5. Aku Senang Bertemu Denganmu Lagi

859 156 16
                                    

(Alur dipercepat dua minggu)

Pagi datang menjemput. Langit berwarna biru muda gelap dengan jingga yang perlahan mendominasi. Matahari sebentar lagi akan terbit.

Adhara menumpukan tangannya di pinggiran wastafel. Ia menundukkan kepalanya dengan wajah memucat. Dahinya dipenuhi keringat akibat terus menerus memuntahkan isi perutnya.

Setelah shalat Subuh tadi, Adhara berencana membereskan rumah kemudian memasak. Tapi nyatanya niat tersebut harus lenyap karena tubuhnya terasa lemas.

Adhara berbalik hendak kembali ke kasur. Mungkin dengan tidur walaupun hanya setengah sampai satu jam dapat memulihkan keadaan tubuhnya.

Adhara menutup pintu kamar mandi. Netranya menangkap Angkasa baru saja bangun. Lelaki itu terduduk di sisi ranjang dengan tangan mengusap-usap matanya.

Tanpa banyak bicara, Adhara segera membaringkan tubuhnya lantas menyelimuti dirinya hingga sebatas leher. Adhara tidak peduli dahinya masih dipenuhi keringat. Ia benar-benar lelah setelah beberapa kali bulak-balik ke kamar mandi.

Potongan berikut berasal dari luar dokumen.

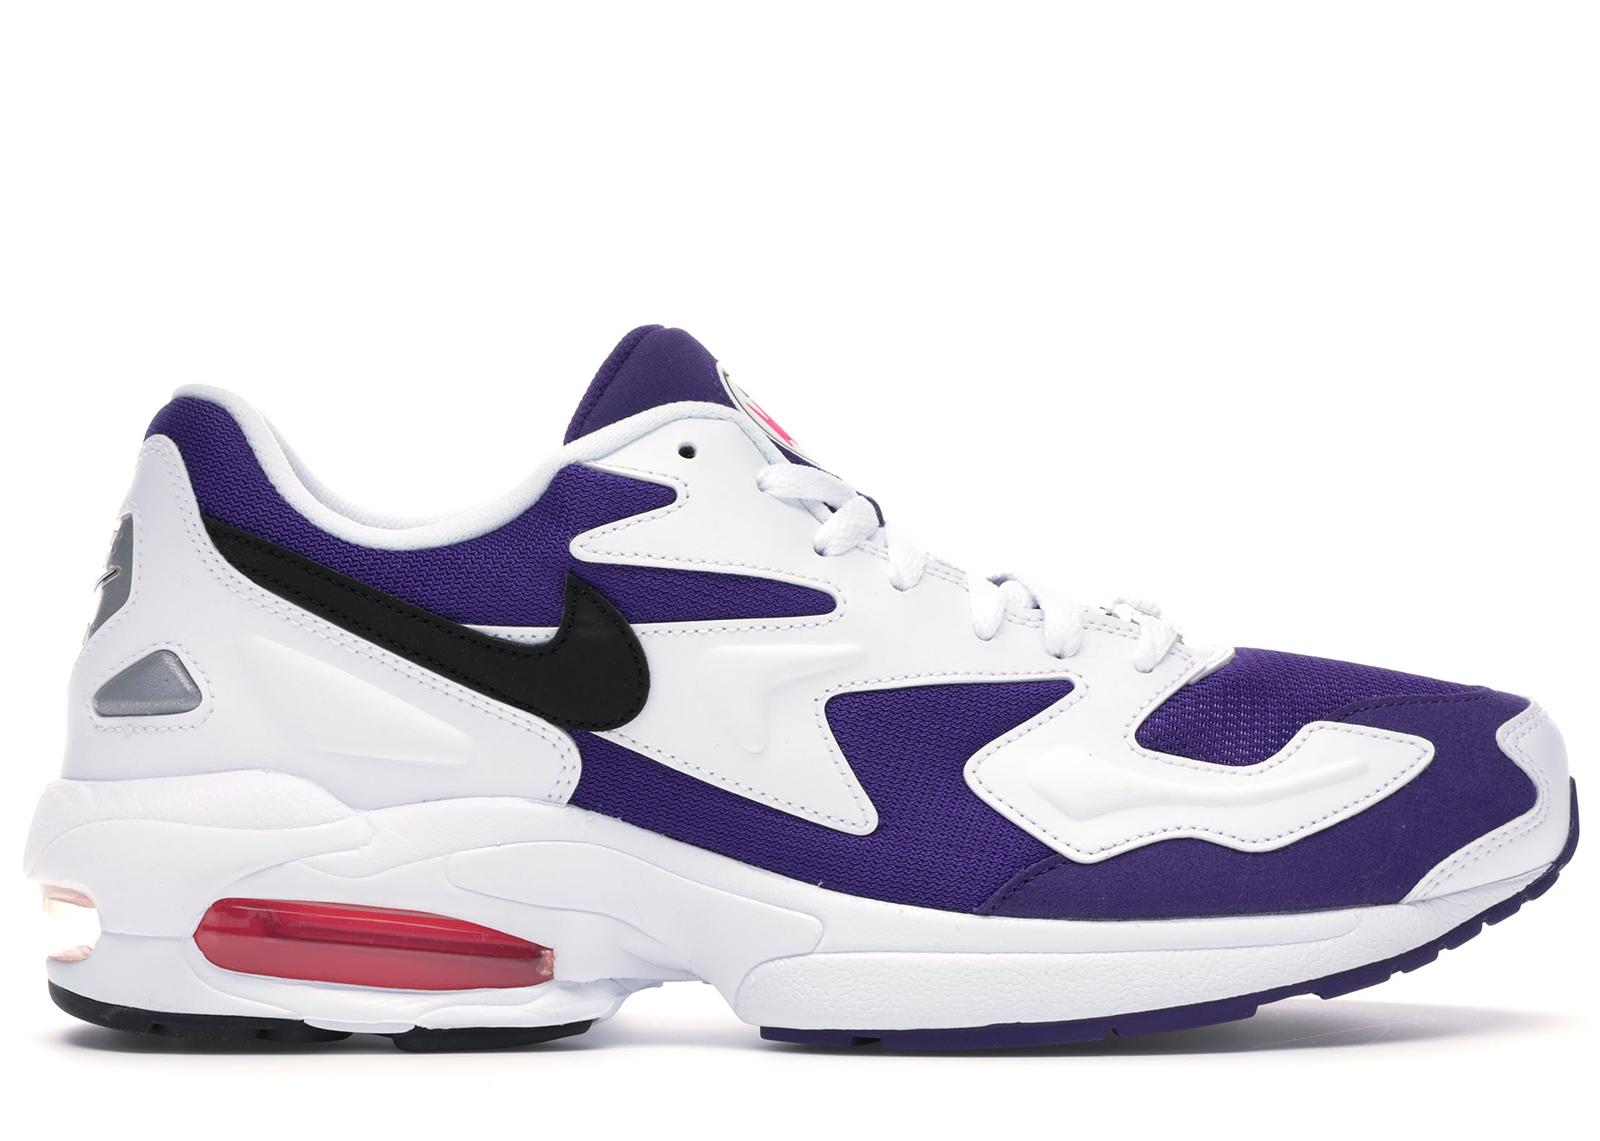 Nike Air Max2 Light White Purple Pink

"Kamu sakit, by? Kok, mukanya pucet gitu?"

Baru saja Adhara memejamkan matanya, suara bernada khawatir dari Angkasa membuatnya mau tak mau kembali membuka mata. Ia mengangguk lemah menanggapi pertanyaan lelaki itu.

Adhara tiba-tiba bangkit dari tidurnya. Ia berlari ke kamar mandi lantas memuntahkan kembali isi perutnya.

Angkasa segera menyusul. Ia mendapati Adhara masih mual-mual. Lelaki itu memijat tengkuk Adhara agar gadis itu merasa lebih baik.

Tangan Angkasa bergerak menyeka keringat di dahi Adhara. Suhu tubuhnya normal tapi Adhara terlihat pucat sekali.

"Kita ke dokter, yuk?" ajak Angkasa. Ia mengusap-usap rambut Adhara lembut.

Kepala Adhara menggeleng. "Gak usah. Kamu 'kan hari ini kerja. Aku juga mau kerja di rumah sakit. Aku gapapa, kok," tolaknya halus.

Angkasa bergeming. "Aku gak bakal kerja. Ayo, kita ke dokter," ucapnya final.

"Aku gak sakit."

"Gak. Kamu sakit. Kita ke dokter. Gak terima penolakan."

Lelaki Athara itu memposisikan tangannya di bahu Adhara. Ia membantu gadis itu berdiri tegak lantas melingkarkan tangannya di pinggang Adhara.

"Gak usah dipapah, aku bisa sendiri," kukuh Adhara. Ia melepaskan tangan Angkasa dari pinggangnya tetapi tangannya bertumpu pada lengan lelaki itu.

Jam di dinding kamar menunjukkan pukul 06.55 pagi. Angkasa memapah Adhara menuruni tangga menuju ke garasi. Meskipun gadis itu menolak berkali-kali.

Mobil hitam Angkasa seperti biasa terparkir rapi di dalam garasi bersanding dengan sebuah motor yang sering dibawa Angkasa semasa SMA dulu. Lelaki itu mengeluarkan kunci mobilnya lantas mendudukkan Adhara di kursi penumpang seperti biasa. Baru setelahnya ia duduk di kursi pengemudi.

Angkasa memutar tubuhnya ke belakang, mengambil selimut tebal yang selalu ia bawa di kursi belakang. Ia mengulurkan selimut itu pada Adhara, memaksa gadis itu agar memakainya.

"Pake, masih pagi jadi udaranya dingin," titah Angkasa.

Selimut tersebut direntangkan Adhara hingga menutupi tubuhnya. Ia menekuk lututnya agar kakinya ikut tertutupi selimut tebal.

Saat lampu merah, Angkasa menolehkan kepalanya ke arah Adhara. "Kamu berhenti kerja aja, ya. Jadi kamu gak usah capek dua kali. Cukup ngurus rumah aja," ujarnya.

"Kenapa harus kayak gitu?" tanya Adhara tak terima.

Bahu Angkasa mengendik. "Kamu keliatannya capek banget. Kayak sekarang, kamu sakit 'kan?"